Monitoring and collecting data from Kafka

Kafka is used for building real-time data pipelines and streaming apps. It is horizontally scalable, fault-tolerant, wicked fast, and runs in production in thousands of companies.

More information on: http://kafka.apache.org/

How it works

This plugin analyzes the performance of your Kafka messaging system.

The plugin can get statistics (the number of connections, the number of partitions, etc.) using the JMX interface of the Kafka service and consumers.

The minimal supported version of Kafka is 0.8.0.

Installation

The plugin needs to be installed together with a CoScale agent, instructions on how to install the CoScale agent can be found here. If you want to monitor Kafka inside Docker containers using CoScale, check out the instructions here.

Configuration

JMX Connection

To gather statistics Kafka should be configured to expose JMX. This can be done by setting the JMX_PORT environment variable before running the kafka-server-start command:

JMX_PORT=9997 ${KAFKA}/bin/kafka-server-start.sh ${KAFKA}/config/server.properties

Restart Kafka to apply these changes.

In order to monitor the consumer lags, the agent needs to be installed on the servers running the Kafka consumer and needs to have access to the JMX interface of the consumer. Multiple JMX ports can be provided below in case the Kafka server and consumers are running on the same host.

Active checks

This plugin can be configured to insert and retrieve a message into your Kafka. This active monitoring allows us to calculate the uptime of the service and the response time of the insert and retrieval of the message.

An existing topic should be provided.

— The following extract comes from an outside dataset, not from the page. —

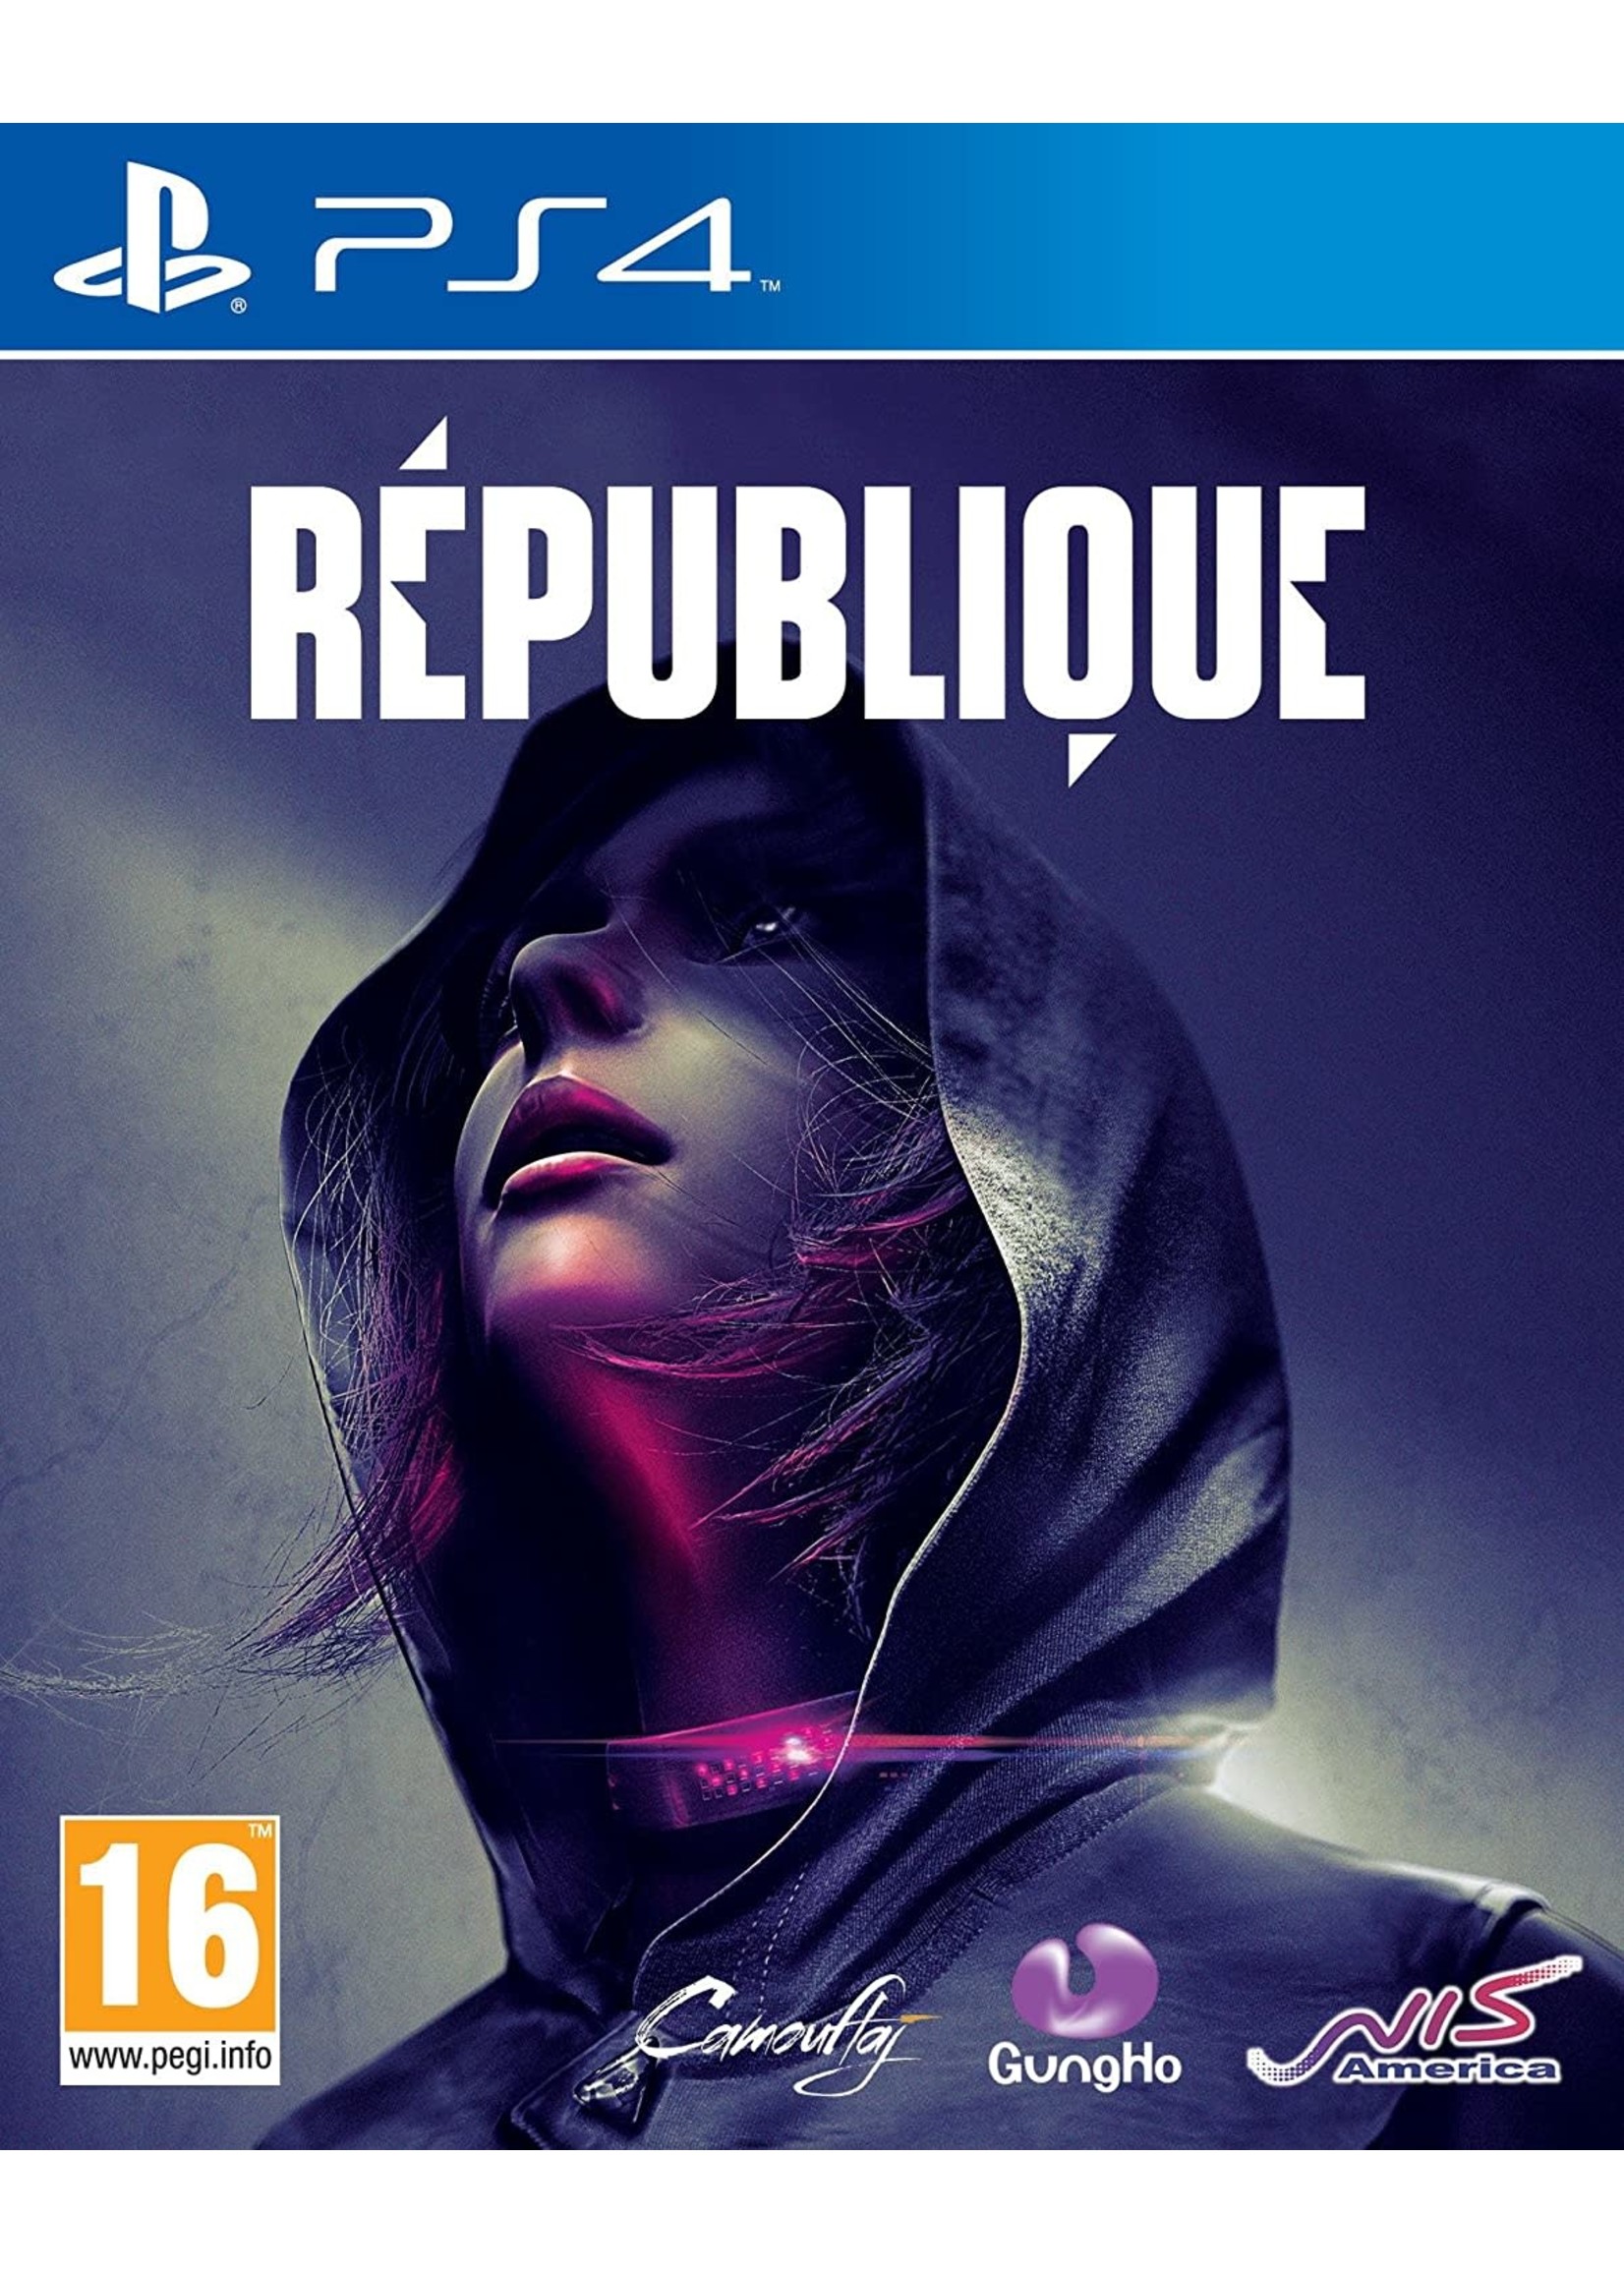 Republique - PS4 NEW

This topic should be dedicated for this check, since we will insert and retrieve messages from the topic.

Metrics

Kafka

Name Unit Dimensions
Kafka active check latency s  
Kafka active check uptime %  
Kafka current lag   ConsumerGroup, Topic, Partition
Kafka current Offset of a Broker   Topic, Partition
Kafka Current offset of a ConsumerGroup   ConsumerGroup, Topic, Partition
Kafka leader Broker ID   Topic, Partition
Kafka number of Brokers in the Cluster #  
Kafka number of In-Sync Replicas   Topic, Partition
Kafka number of partitions per topic # Topic
Kafka number of Replicas   Topic, Partition
Kafka oldest Offset of a Broker   Topic, Partition

Kafka / JMX

Name Unit Dimensions
Kafka active controller count    
Kafka fetch consumer total time s  
Kafka fetch follower total time s  
Kafka isr expands per sec expands/s  
Kafka isr shrinks per sec shrinks/s  
Kafka leader election rate and time s  
Kafka offline partitions count    
Kafka offset commit total time s  
Kafka offset fetch total time s  
Kafka offsets total time s  
Kafka produce total time s  
Kafka request queue size    
Kafka unclean leader elections per sec elections/s  
Kafka under replicated partitions    

Kafka / JMX / Consumer

Name Unit Dimensions
Kafka average number of bytes consumed per second b/s Client Id, Topic
Kafka average number of bytes fetched per request b Client Id, Topic
Kafka average number of records consumed per second records/s Client Id, Topic
Kafka average number of records in each request records Client Id, Topic
Kafka average throttle time s Client Id
Kafka average time taken for a fetch request s Client Id
Kafka max lag for consumer msg Client Id
Kafka max time taken for a fetch request s Client Id
Kafka maximum number of bytes fetched per request b Client Id
Kafka maximum throttle time in ms s Client Id
Kafka number of fetch requests per second records/s Client Id

Kafka / JMX / Producer

Name Unit Dimensions
Kafka average length of time for I/O per select call s Client Id
Kafka average number of incoming bytes received from all servers b/s Client Id
Kafka average number of outgoing bytes sent to all servers b/s Client Id
Kafka average number of requests sent per second req/s Client Id
Kafka average number of responses received res/s Client Id
Kafka average request latency s Client Id
Kafka connections closed in the window conn/s Client Id
Kafka current number of active connections conn Client Id
Kafka fraction of time the I/O thread spent doing I/O   Client Id
Kafka maximum request latency s Client Id
Kafka new connections established in the window conn/s Client Id
Kafka number of times the I/O layer checked for new I/O to perform s Client Id
Kafka the average compression rate of record batches for a topic   Client Id, Topic
Kafka the average length of time the I/O thread spent waiting for a socket ready for reads or writes s Client Id
Kafka the average number of bytes received per second from the broker b/s Client Id, Node
Kafka the average number of bytes sent per second for a topic b/s Client Id, Topic
Kafka the average number of bytes sent per second to the broker b/s Client Id, Node
Kafka the average number of records sent per second for a topic records/s Client Id, Topic
Kafka the average number of requests sent per second to the broker req/s Client Id, Node
Kafka the average number of responses received per second from the broker res/s Client Id, Node
Kafka the average per-second number of record sends that resulted in errors for a topic #/s Client Id, Topic
Kafka the average per-second number of retried record sends for a topic #/s Client Id, Topic
Kafka the average size of all requests in the window for a broker b Client Id, Node
Kafka the fraction of time the I/O thread spent waiting   Client Id
Kafka the maximum size of any request sent in the window for a broker b Client Id, Node

Kafka / JMX / Topic

Name Unit Dimensions
Kafka bytes in per sec for topic b/s Topic
Kafka bytes out per sec for topic b/s Topic
Kafka messages in for topic msg/s Topic

Events

Name Description Attributes
KAFKA service state watcher State watcher status